Last night, more than one hundred people met at Ludlow Brewery for the launch of the People’s Alliance for Ludlow (PAL). The mood of the meeting was angry and constructive in turns. The anger was directed at Shropshire Council for the way it is managing cuts and forcing town and parish councils to take over services. The Clinical Commissioning Groups also came under fire for the chaos of Future Fit and the threats to local health services.
This morning, council leader Malcolm Pate took to the airwaves of BBC Radio Shropshire to announce that he is backing down on the September deadline to get agreement to transfer services like leisure centres, youth services and libraries to town and parish councils. The councils will get an extra year to come to agreement with Shropshire Council after Pate admitted that the parishes were right when they said the deadline was impossible to meet.
Last night’s meeting of the People’s Alliance for Ludlow was constructive and useful meeting. The audience and speakers vented anger at cuts and the way that cuts are being handled. They came from different perspectives. Councillor Di Lyle spoke in personal capacity on how negotiations with Shropshire Council were going. Helen Hughes, chief executive of the Ludlow Assembly Rooms, said that whatever happened to funding, the Assembly Rooms would survive. Joyce Brand and Gill George briefed on threats to health services under Future Fit. Tish Dockerty gave a perspective from town traders and the worries that the independent identity of Ludlow is being threatened. Teenager Eryn Lawley spoke for young people and concerns for what services they will have in the future. David Burton chaired the meeting, seeking a mandate for establishment of the Alliance.
I had feared that the meeting would be too concerned with protest, without enough emphasis on finding solutions. That was not the case. People recognised that we have to get on with the job of negotiating the future of services, even though we hate what is happening.
The People’s Alliance for Ludlow will now be set up and I look forward to seeing it in action. It will need to move fast if it is to have any influence on Shropshire Council’s plans, though the council has announced today that more time will be allowed for negotiations with town and parish councils.
It was, I am sure, just a coincidence that Malcolm Pate made his announcement this morning. But he would not have backed down on his deadline without the growing howls of protest from parish councils and the public.

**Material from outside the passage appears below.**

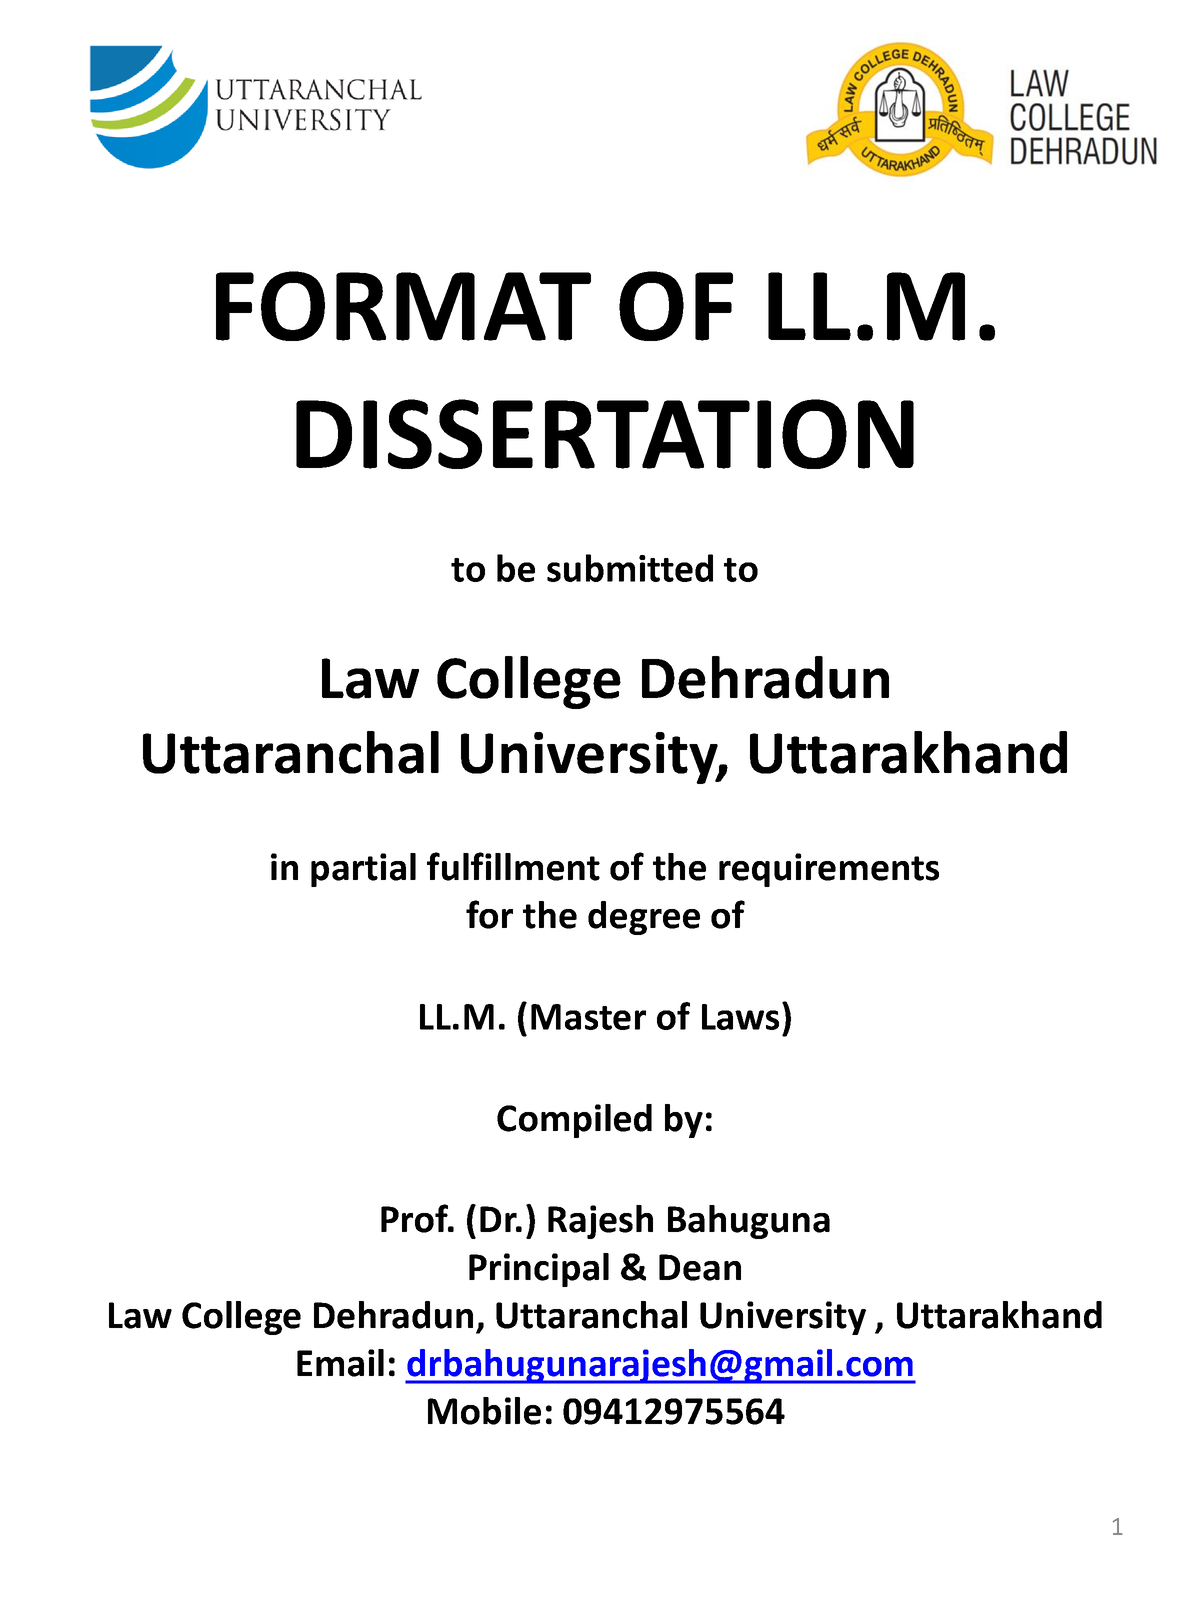 how to write an llm dissertation

Speaking to Eric Smith on BBC Radio Shropshire this morning, Pate claimed that the council and parishes were partners and he was “working positively with them” (interview begins at 2hrs 36mins). He said: “We are not at odds with our parish and town councils. We want to work with them.”
He said that Shropshire Council had listened carefully, accepting that the parish councils were right in their complaint that not enough time had been allocated to negotiations over service transfers. He said:
We have listened carefully to town and parish councils. The conclusion that we have come to is that probably the deadline of September was too short a period, and to be fair to the, I think they were right on that. We have listened to them. We have made changes. We have found a little bit of money to give them more time to develop their plans. About 12 months. We want to help them. We want to talk to them. To see ways we can continue to develop these community services.
As far as we are concerned, it is not ‘us and them’. It’s us working together to deliver those community services which we know are valued in our villages and towns.
He said the money coming from “a little bit of leeway” in certain areas under the revised financial strategy. There are no details of this in today’s cabinet papers or any mention of the changes in today’s Shropshire Star. This suggests this welcome change is last minute back of envelope stuff that is not yet fully worked through.
I am very glad that an impossible timescale has now been abandoned. I don’t really buy Malcolm Pate’s claim that Shropshire Council is a “partner” with town and parish councils at present. These is too much uncertainty and friction caused by the way Shropshire Council has handled negotiations for service transfers. Its threat that parish councils had to agree to take on services by September caused much anger. That was evident at the People’s Alliance for Ludlow meeting last night. But we will have to work in partnership with Shropshire Council.
I said at last night’s meeting, as much as we hate and disagree with what is going on, we must still work with the council on service transfers. Not to do so would let our community down, especially our more vulnerable residents.